On our way out, our hostess tried to open the short double doors high on the wall to reveal the access to the well outside. Maya quickly summoned Shweta to lift the wooden latch, as she was the only one tall enough to reach it. A quick peek into the deep well, and then she raced off to continue her exploration. Back on the main level, my young friend encouraged me to mount the ladder-stairs to go into the attic, and once I had agreed, we both scampered up the ladder to see what surprises awaited us. Disappointed that the vast space held only a few old chairs and a dirt floor, Shweta was back down the ladder in an instant, leaving me to carefully pick my way back down to the first floor.


Outside, it was a short walk down several sets of rust-colored steps and through the gate to the two old homes, part of fifteen homes in the compound. Our English teacher hostess had prepared jalebi, a piped sugary treat and lemon and ginger water for an afternoon snack. Finished, we skipped along the block stepping stones placed to protect the feet from the monsoon rains to get to the adjacent older home. Inside the second room, Shweta dared to sit on the hanging bed with me, after the old grandmother had been roused so that we might tour her 100-year-old residence.


Back outside and through the courtyard gate on the path, our walk down several flights of steps to the enormous pond delighted energetic Shweta.
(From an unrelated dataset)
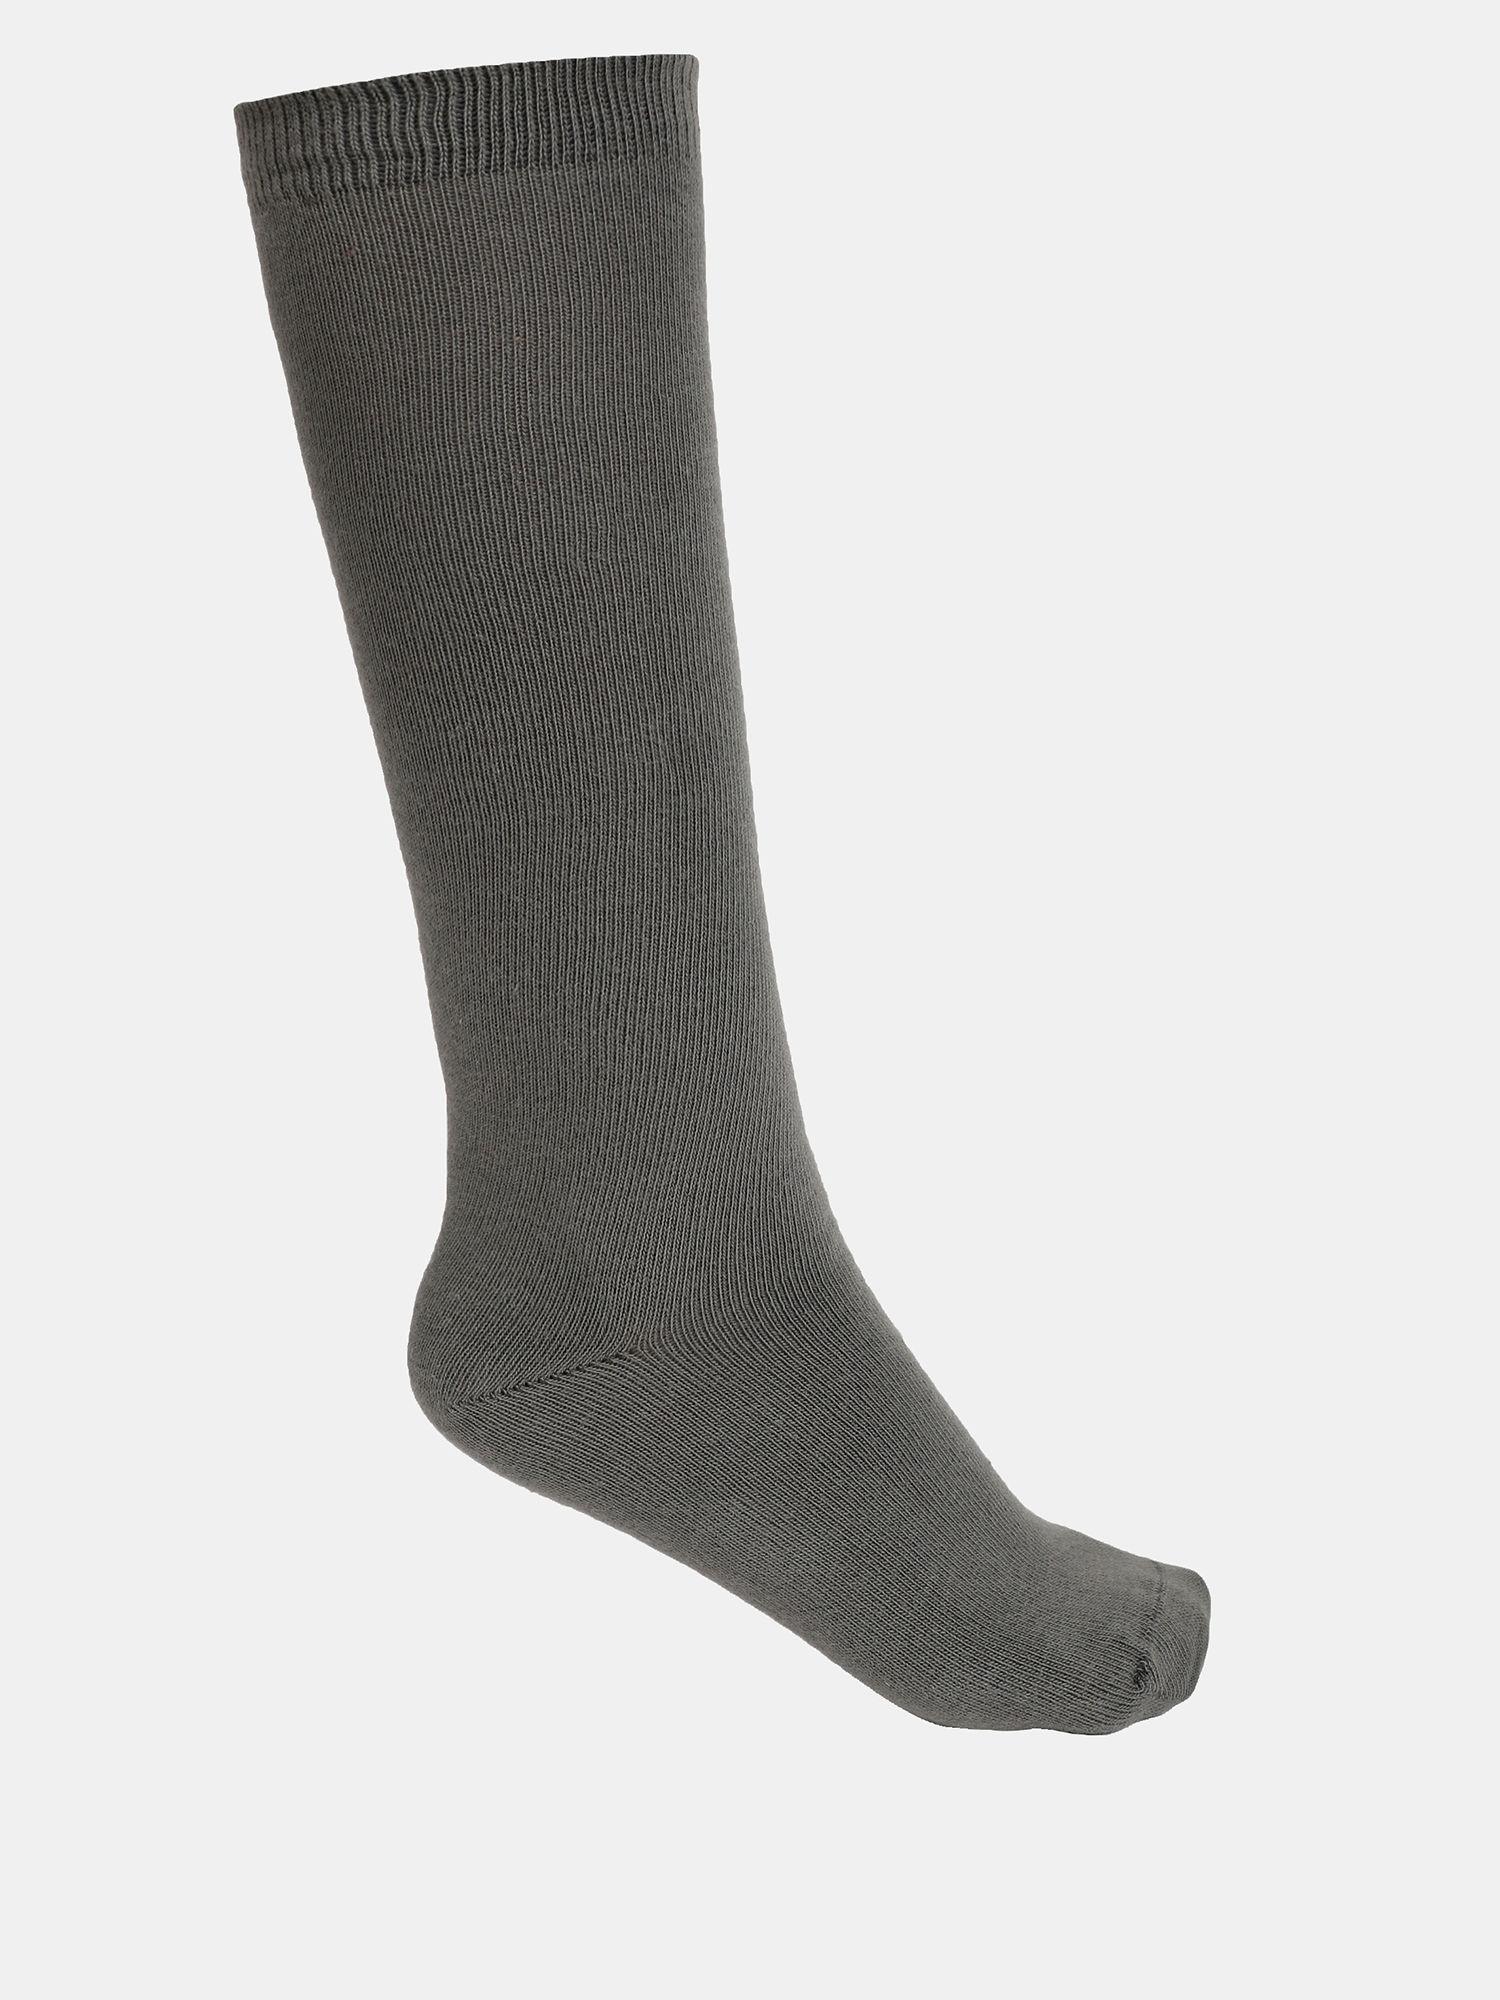 7902 Unisex Cotton Nylon Stretch Knee Length Socks - Gunmetal Grey
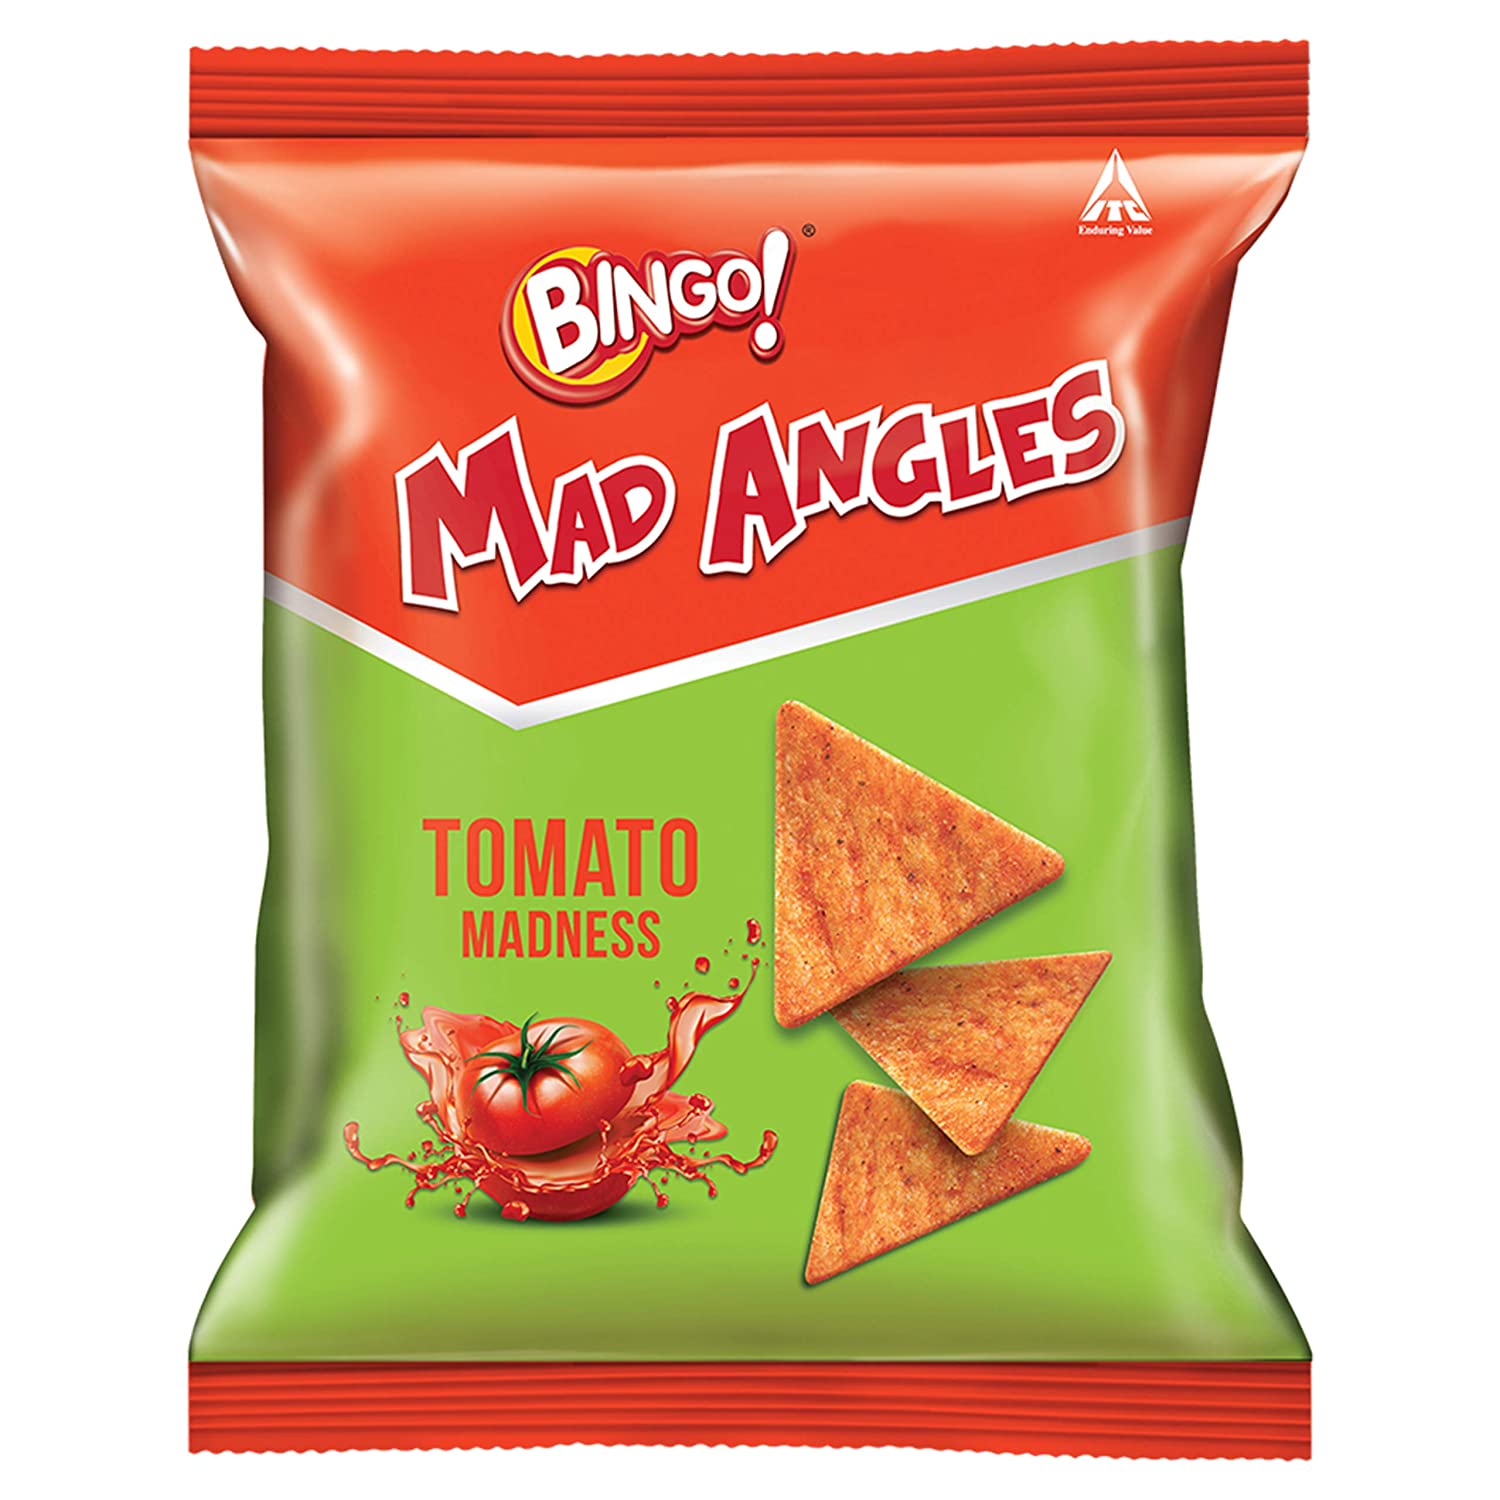 Bingo Mad Angles Tomato Madness Namkeen, 36.5g

She searched the trees for signs of the little monkey pests that now torment the landowners with their quest for food and pointed out the little thieves shaking the limbs high in the trees above, mocking us as we made our way down the steep steps.


At the bottom of the hill, Shweta and I eagerly entered the temple-like structure built into the hillside and discovered a bathhouse that opened onto a stone-lined pond. It seems that in times of famine, the royal family who had lived in the oldest house, now razed, had employed the villagers in making the pond and bathhouse to keep them from starving. The cool water was inviting, but it was time for us to head home. With the assistance of a 12th Standard cousin, Charles had maneuvered the car down the hill and was ready to take us back to Palakkad, sparing us the climb back up the hillside.


As the car wound its way back through the villages, Shweta and I talked about Mountain Dew and Hannah Montana and mascara. We talked about freckled skin and sun-bleached hair and why having a fair complexion isn’t all it’s cracked up to be. When we saw the teenagers setting off their crackers, our conversation turned to the events planned for the evening, and which crackers were the best and why. Soon, we were back in the city, and I was dropped off at my new home, Indraprastha Hotel, to take rest before Charles would come pick me up again at 7:30 and our New Year’s Eve cracker party would begin.


It was fun being a kid again for a day. What joys I would have missed without the company and perspective of my new friend Shweta.